Cutting through the legalese and in my layman terms – which have no legal standing - this suggests that the 90 day funding period to support positively appraised drugs – this is the bit that the NICE and NHSE proposals might extend or phase in access – can only be amended on specific grounds. It’s the interpretation of these that may could be under scrutiny because not having enough money could be seen by some as stretching the interpretation of the use of the word ‘resources’ in (5) (iii).
For HSTs, perhaps there is some question mark over whether the adoption of quite different proposals – albeit more generous by moving from a £100,000 cost per QALY threshold, to a potential £300,000 cost per QALY threshold but with multipliers that some fear will never apply – might not have met the requirement for NICE to consult on the actual change. It could also breach the patient right to drugs and treatments that have been recommended by NICE for use in the NHS under the NHS Constitution.
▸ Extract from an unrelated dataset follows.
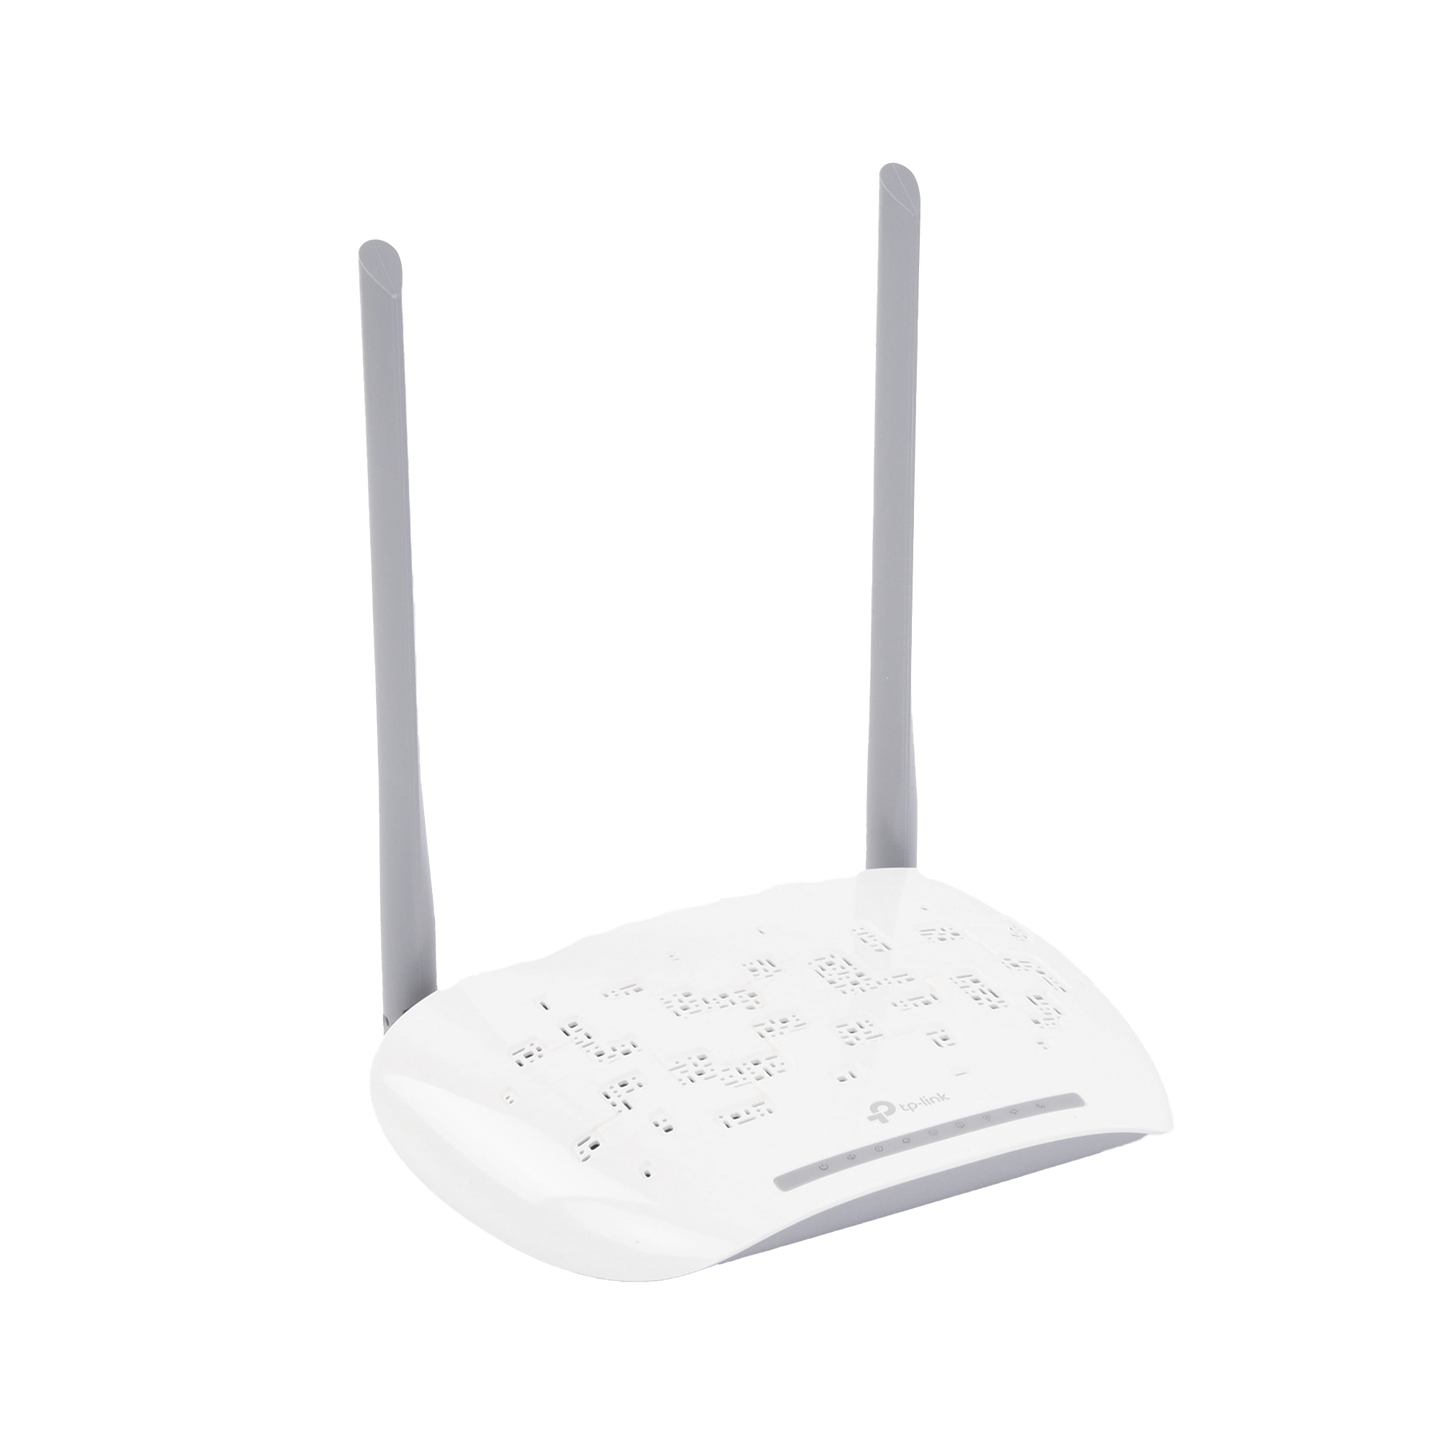 ONU/ONT - Router inalámbrico GPON N 300 Mbps / Frecuencia de 2.4 GHz / 1 puerto GPON SC-APC / 2 puertos LAN (1 GE/ 1 FE) / 1 puerto POTS (FXS) / Soporta AgiNet Config - AgiNet ASC (herramiento de gestión remota)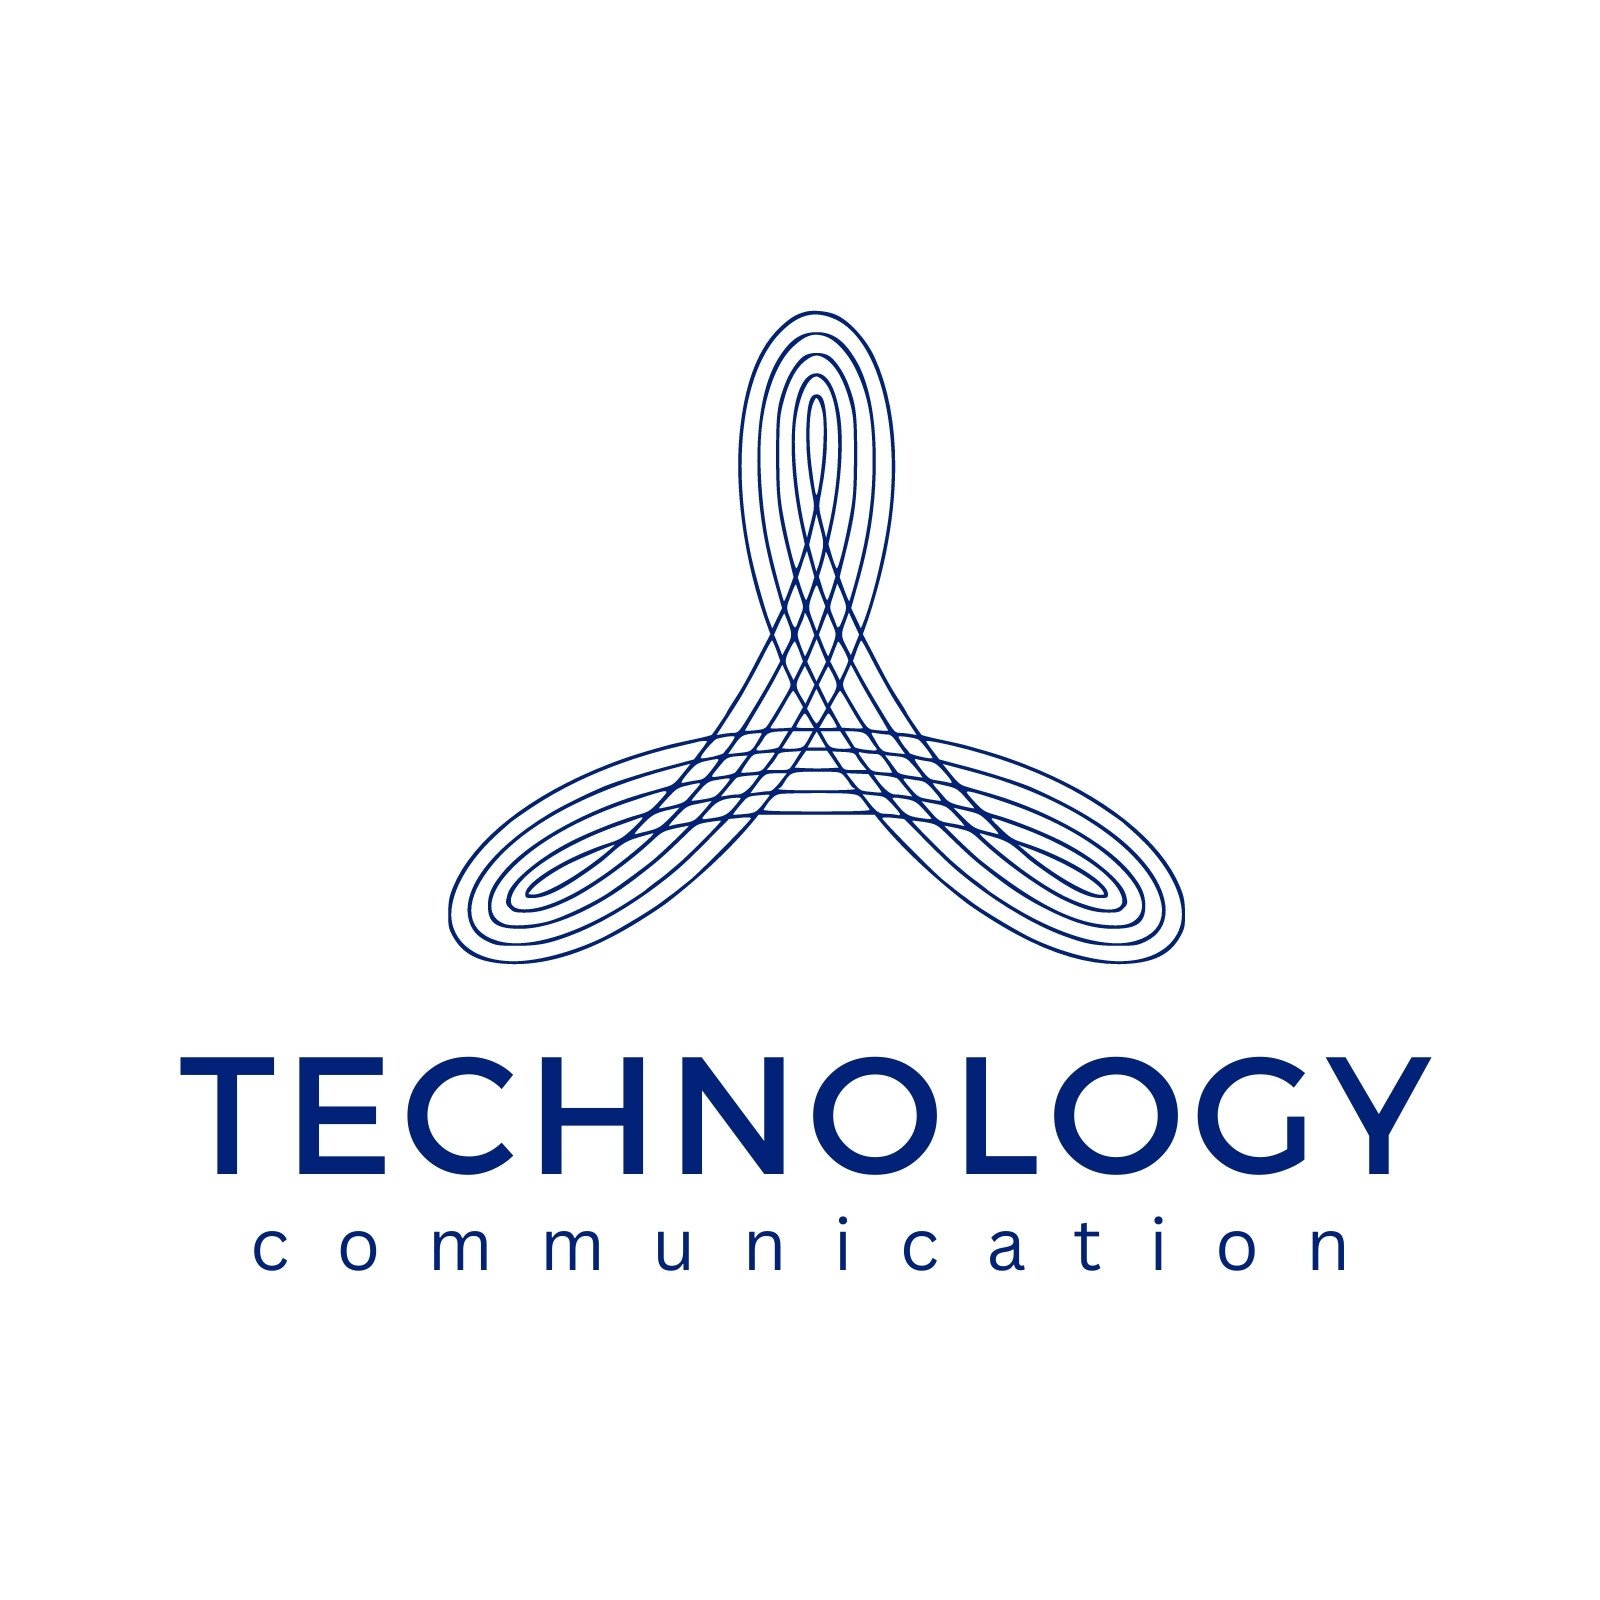 File:Daum communication logo.svg - Wikipedia

NICE has a general duty under Health and Social Care Act 2012 to not only have regard to the degree of need of persons for health services or social care in England, but also regard to the desirability of promoting innovation (233 in the Act). NHSE too has some specific responsibilities in relation to innovation; 13K in the Health and Social Care Act 2012 sets out a duty to promote innovation. Presumably though, these are difficult to challenge since the duties are likely to be interpreted in terms of innovation in the most broadest sense. It may well be hard – even if a firmly held belief amongst some in industry – that the changes do little to promote innovation in drugs, and may even potentially harm incentives to bring innovations to the UK.
NHSE has also survived a related legal challenge. The Hepatitis C Trust – acting alone despite accusations that the pharma industry were behind it – challenged NHSE on their decision to phase in access to new hepatitis C treatments. These are the very example of drugs that are both cost effective and particularly difficult to afford given the combination of high price and high patient volumes. The High Court didn’t grant permission for a JR because it found that a monthly run rate – phased access – is not arbitrary but a legitimate way to give effect to NICE positive guidance. It’s the only time that an NHSE request for a delay to implement positive NICE guidance has been granted; then it was a 2 month extension, and it was not granted on the basis of not having enough money.
The ABPI have told me that it might take perhaps 2 months to hear back if they will have permission for the JR, although it may take a little longer. More than a few will be waiting to see how it plays out.